Linux network namespaces and seccomp-bpf are commonly used for isolation among VMs sharing a host.
AWS Firecracker is an open source virtual machine monitor (VMM) specialized for serverless workloads and often cited as one of Amazon’s most influential open source projects.
High CPU and memory overhead for VMs at the VMM and kernel layers
Slow VM startup, often measured in seconds
Large hypervisors and VMMs, usually written in memory-unsafe programming languages and exposed to security risks
AWS addresses these challenges by keeping Linux KVM but replacing QEMU with Firecracker—a minimal VMM written in Rust. Firecracker includes:
Device emulation for disk, networking, and a serial console for keyboard
REST-based configuration for managing microVMs (start, stop, configure). This replaces some of the functionality offered by libvirt
Rate limiting for network and disk I/O, allowing granular control over throughput and request volume. For this Firecracker implements its own solution for simplicity, rather than using cgroups
For network and block devices, Firecracker uses virtio. Virtio provides an open API for exposing emulated devices from hypervisors. Virtio is simple, scalable, and offers good performance through its use of paravirtualization.
On the networking side, Firecracker uses a TAP virtual network interface and encapsulates the guest OS (and the TAP device) inside their own network namespace.
For storage, AWS opts for block devices rather than filesystem passthrough as a security measure. Filesystems codebases can be large, which raises the host kernel’s risk. Offering guests only block IO avoids exposing those filesystem components, reducing potential attack points.
Firecracker includes a built-in rate limiter to manage network and storage usage for every microVM on the same host. Administrators can set limits to allow bursts or to enforce specific bandwidth and operations constraints.
A dedicated jailer adds an extra layer of security against unwanted VMM behavior. It applies Linux primitives such as chroot, pid, and network namespaces, then restricts calls to the host with seccomp-bpf. This differs from Red Hat’s use of libvirt for sandboxing.
MicroVMs run on any bare metal server. Firecracker started with Intel CPU support and later introduced AMD and ARM. It currently supports 64-bit systems from all three vendors.
Firecracker follows two guiding principles: reuse existing Linux components wherever helpful, and opt for minimal replacements when resource usage or potential attack surfaces need reduction. This approach delivers a secure and compact solution for serverless workloads.

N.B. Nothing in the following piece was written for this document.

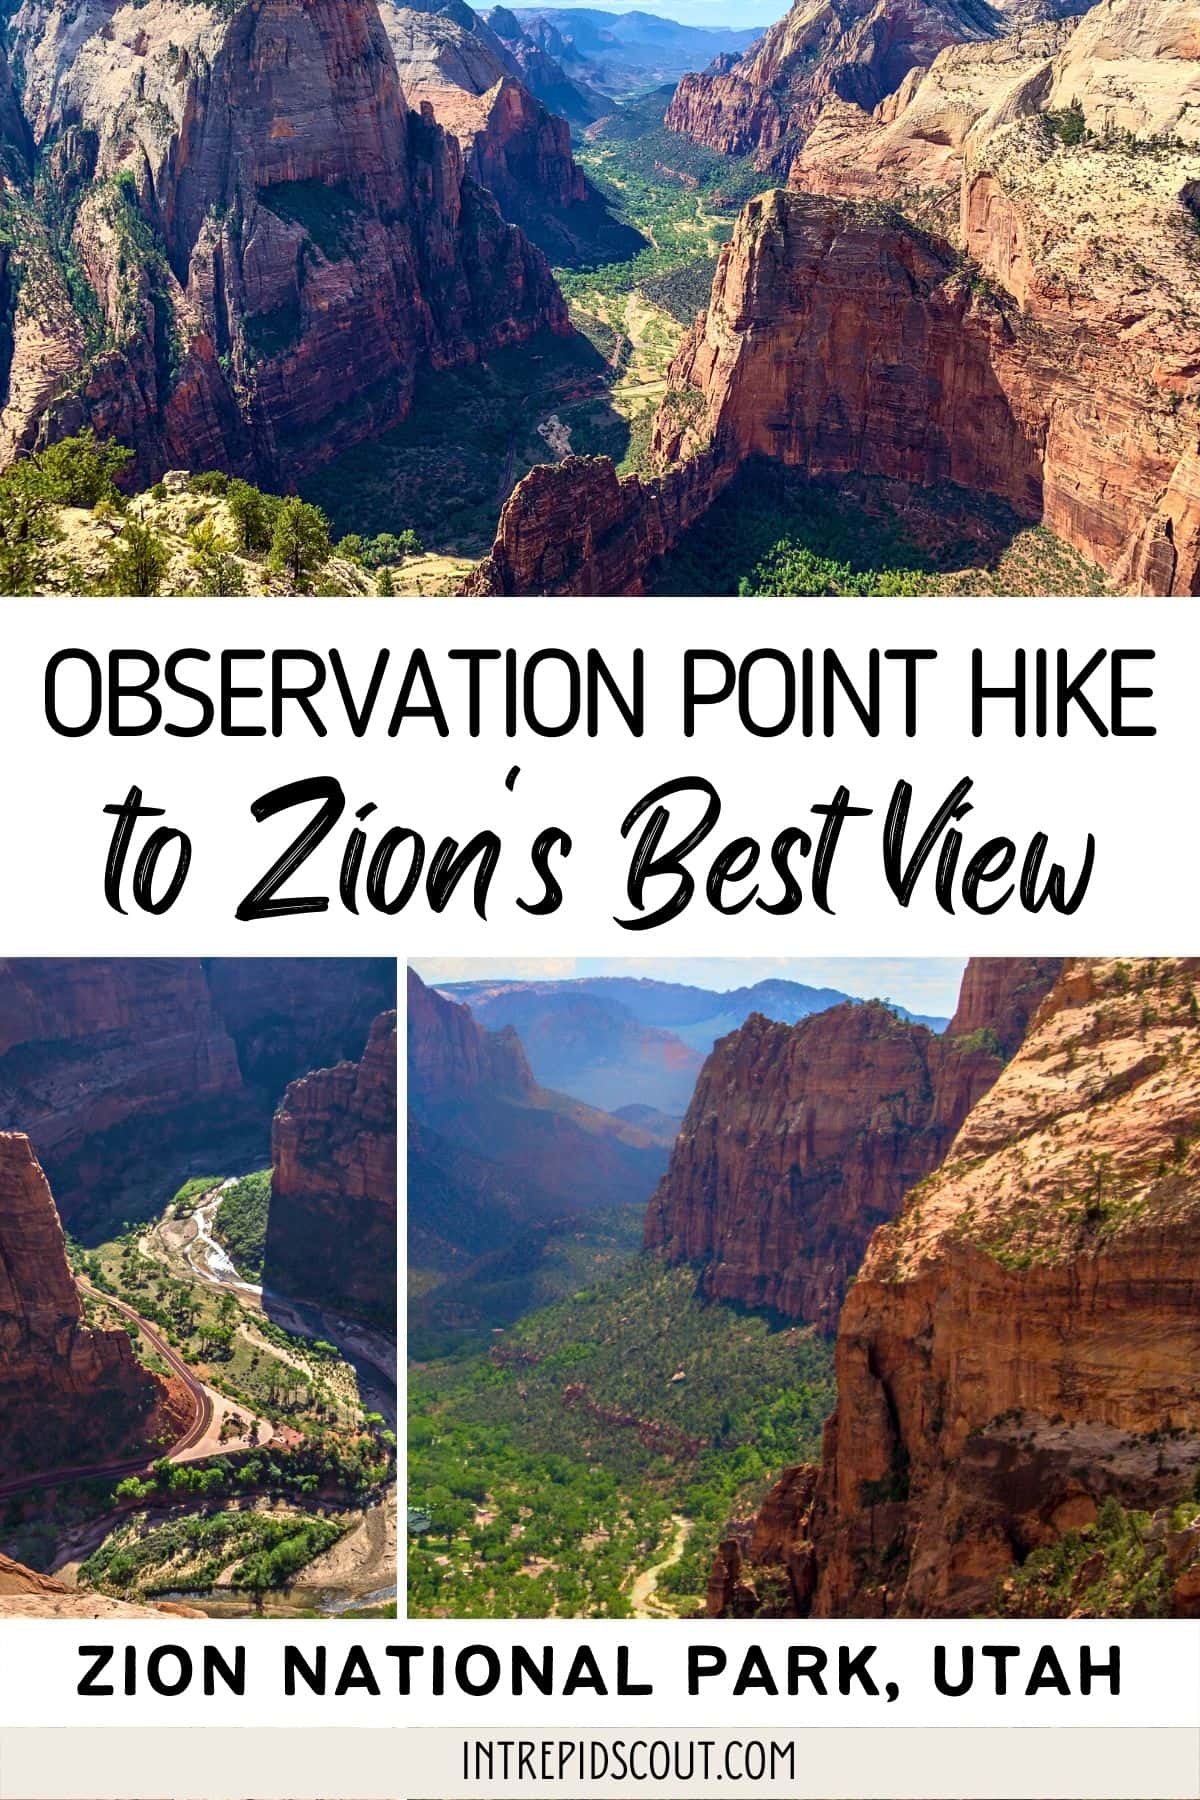 Observation Point Hike to Zion's Best View

MicroVMs are recognized for their security, speed, and scalability:
Security: They maintain a small attack surface. All Firecracker processes run under cgroups and seccomp BPF, and only a narrow set of system calls is permitted.
Speed: Benchmarks show launch times under 125 ms, supporting up to 150 microVMs per second.
Scale and Efficiency: Each microVM consumes fewer than 5 MiB of memory, allowing many instances on a single server. Firecracker’s built-in rate limiter allocates network and storage resources across all microVMs on the same host.
MicroVMs combine the density and speed typically associated with containers, plus the isolation and security often linked to traditional VMs. This lightweight virtualization supports serverless environments by letting providers run more workloads on bare metal with lower overhead.